BOSTON — Despite filling 2,760 job postings between March and October, the shortage of educators and support staff in Boston Public Schools is still large, according to the district’s annual update on hiring and workforce diversity.
There were 797 vacancies across the district this week when the Human Capital Office updated the School Committee on recruitment and retention efforts. That number is down from the 838 openings on Oct. 1.
Educators are leaving the city district much later this school year than usual, said Raecia Catchings, interim chief human capital officer. Madison Park Vocational Technical, Charlestown high schools, and the grade K-8 Hennigan and Orchard Gardens schools — among the city’s largest — are receiving “intense focus” from her office, she said.
The city’s high schools are down 62 teachers, and at the elementary-middle school level, there are 46 vacancies, district figures show.
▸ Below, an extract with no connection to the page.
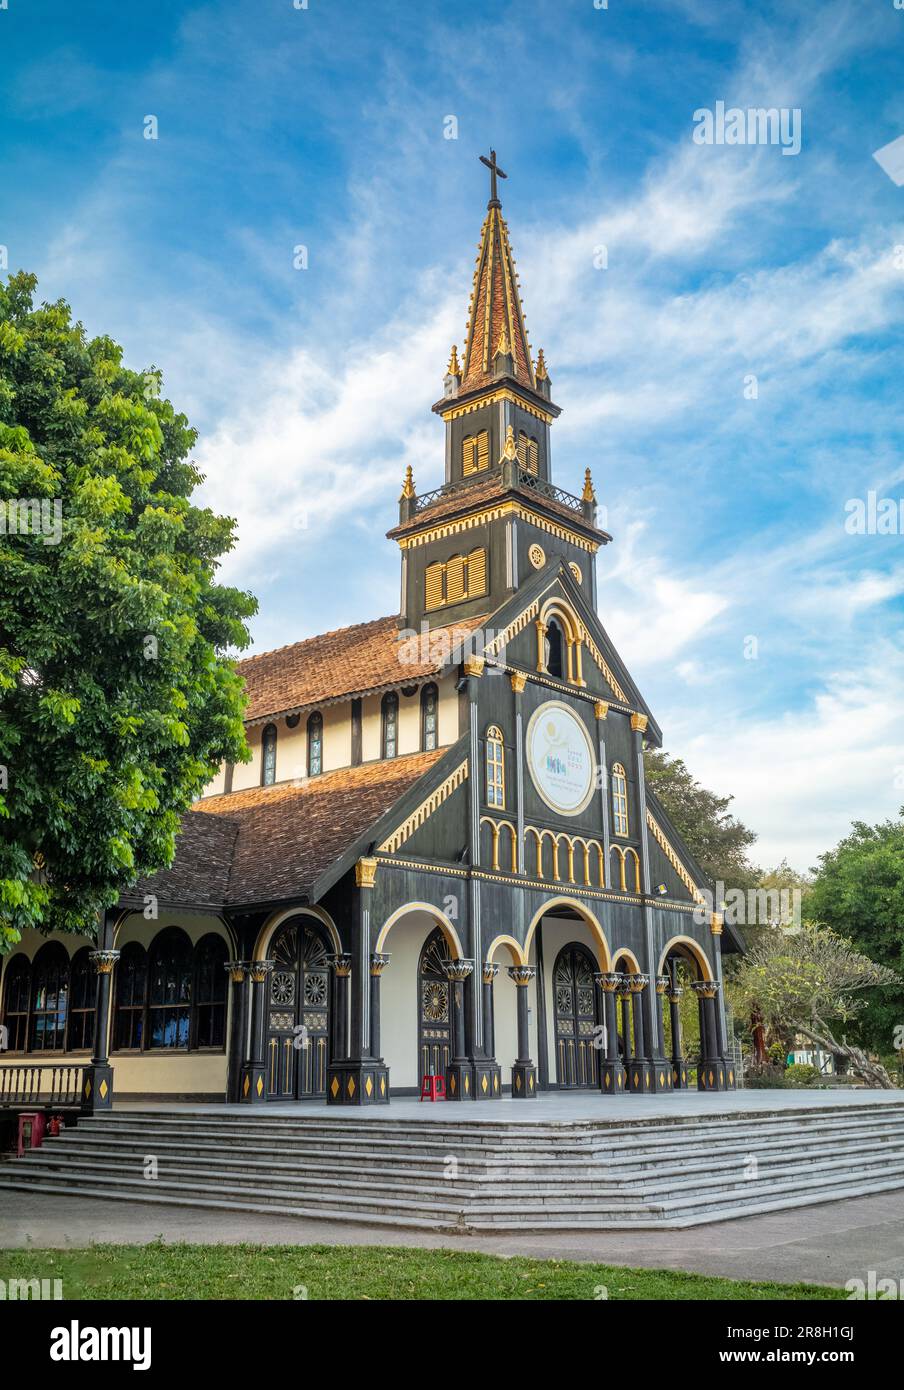 La famosa chiesa in legno, o la cattedrale cattolica di Kontum, nella città di Kontum, nelle Highlands centrali del Vietnam. La chiesa fu costruita da un francese Foto Stock
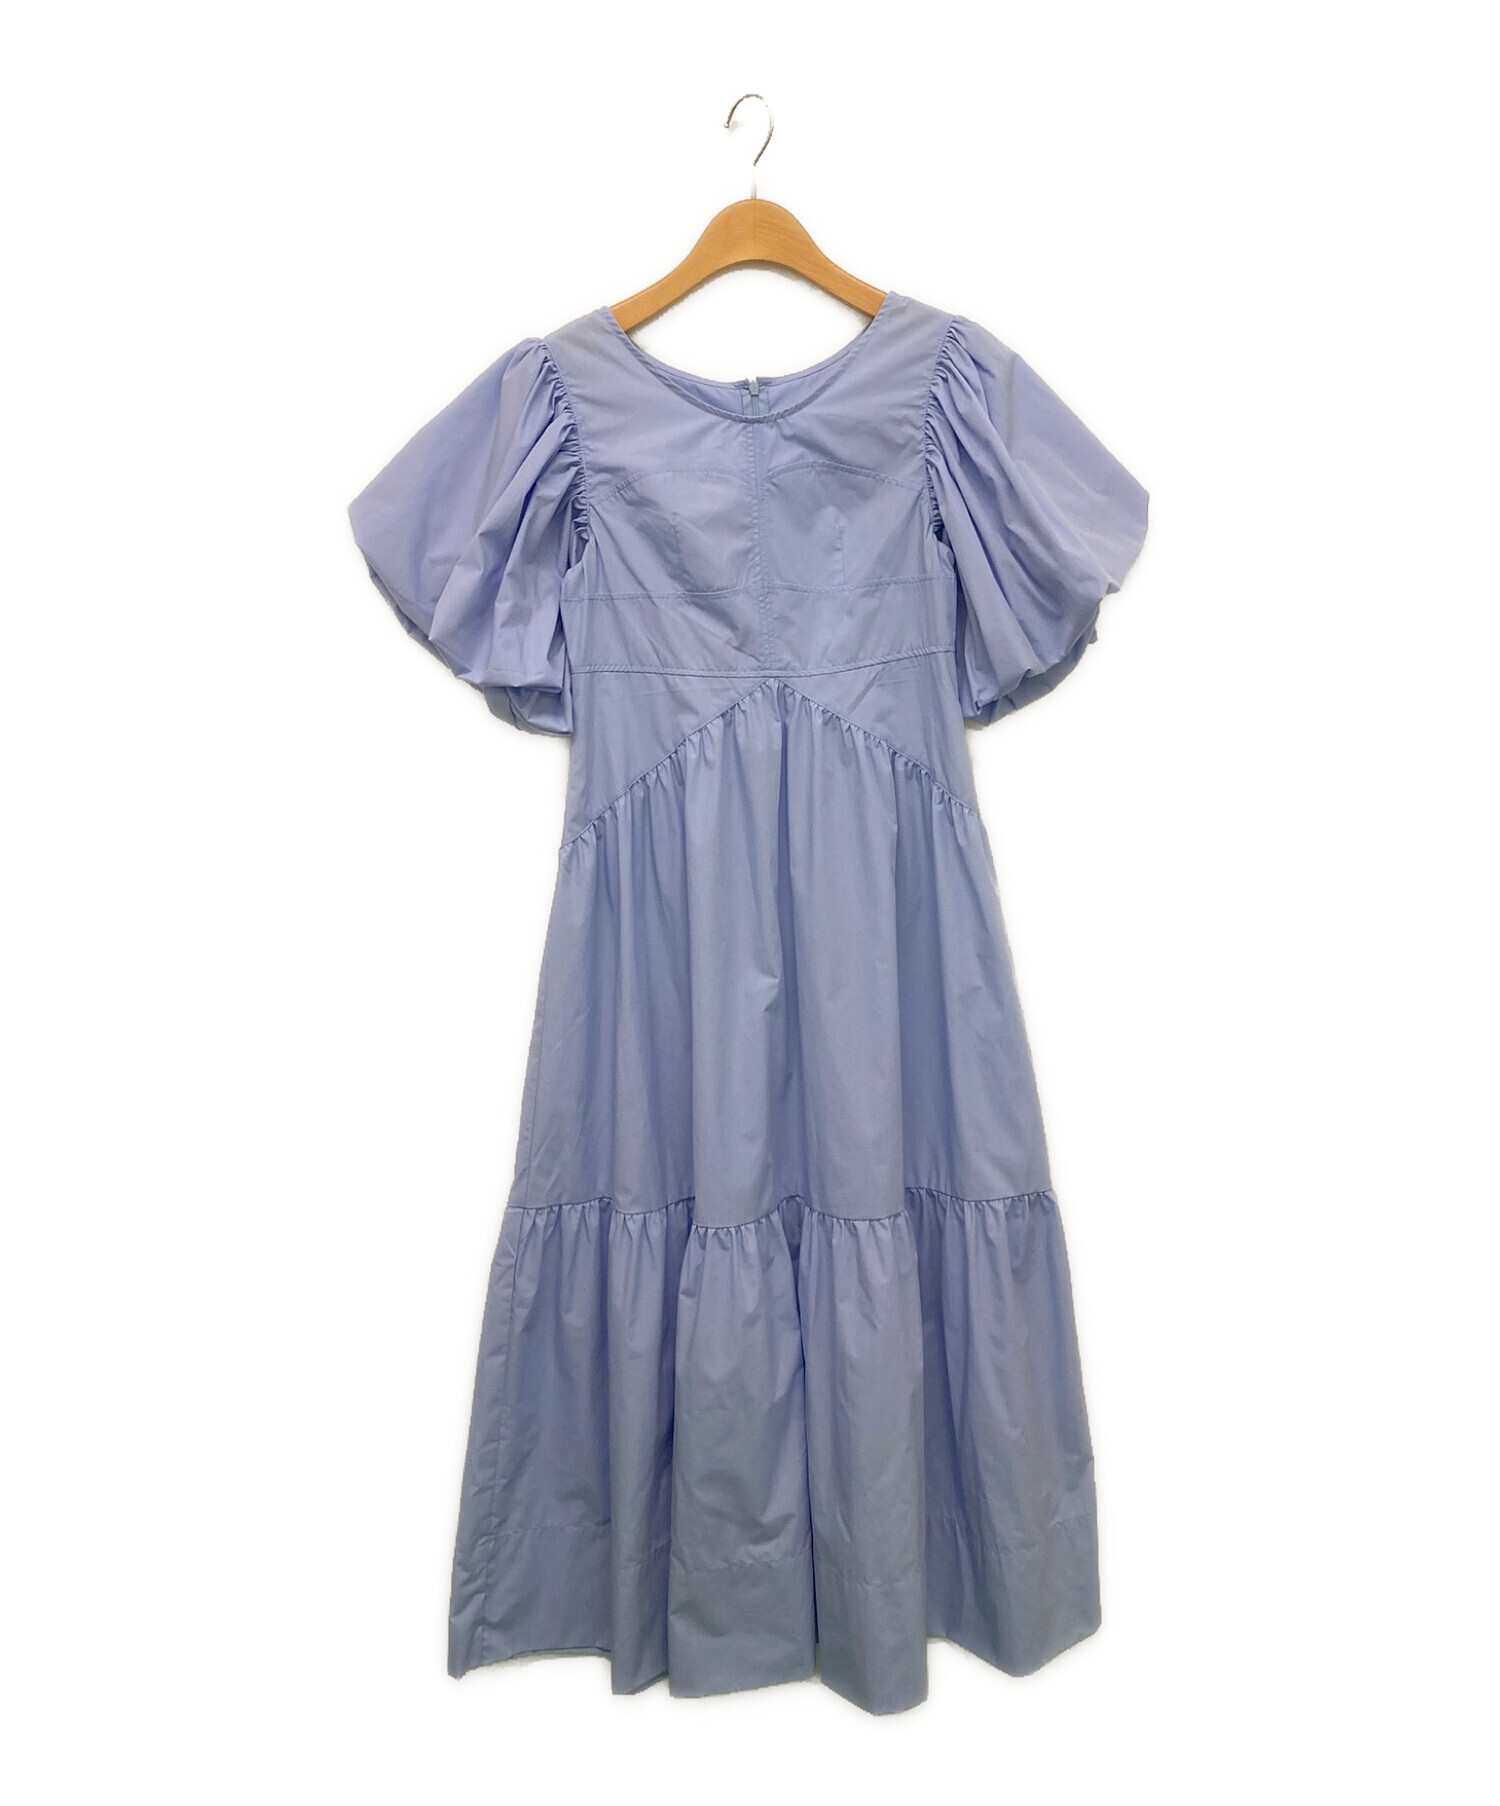 RANDEBOO (ランデブー) Lingerie puff dress ライトブルー サイズ:F

Despite those deficits, 80 of the district’s 125 public schools are either fully staffed or short just one teacher, Catchings said.
There are roughly 11,000 school employees serving about 49,000 students.
“On several occasions this year,” Catchings said, “we have been in school buildings and literally working through how we can get educators in front of the classrooms and to close out these vacancies.”
The COVID-19 pandemic, Catchings said, has exacerbated workforce challenges in education, like it has in nearly all industries, as “burnout is certainly a reality.” Roughly 392 staffers have left the district so far this year, the highest rate over the past five years, figures show.
Educators leaving have stated in exit surveys they are turned off by the lack of work-life balance, the culture within their school and the district, as whole, and the lack of new leadership positions to apply to, said Charles Grandson, chief of equity and strategy.
“Our work is to use their feedback to inform our retention strategies moving forward to help mitigate as many exits as possible,” he said.
These shortages come amid an “unprecedented investment,” with the district adding 1,220 new positions since the 2019-20 school year, Catchings said.
Officials are tapping into the district’s federal virus relief funding to bring in more family liaisons, nurses and social workers, among other roles, to help meet social, emotional and physical needs of students outside of the academic setting.
Filling vacancies in special education, science and English as a second language are key priorities, Superintendent Mary Skipper said.
Maureen Moore, principal administrative clerk for the Human Capital Office, highlighted the challenges facing district staffers part of the Administrative Guild, which represents a variety of central- and school-based employees.
She pointed to the district’s residency requirement, the city’s expensive rental market and how staffers are underpaid, such as special education clerks who make $17 per hour and school secretaries who make $20 per hour.
“Most of our members are single-income households, many of them single-parent households and visiting food banks,” Moore said. “These are full-time city of Boston workers and their wages are shameful.”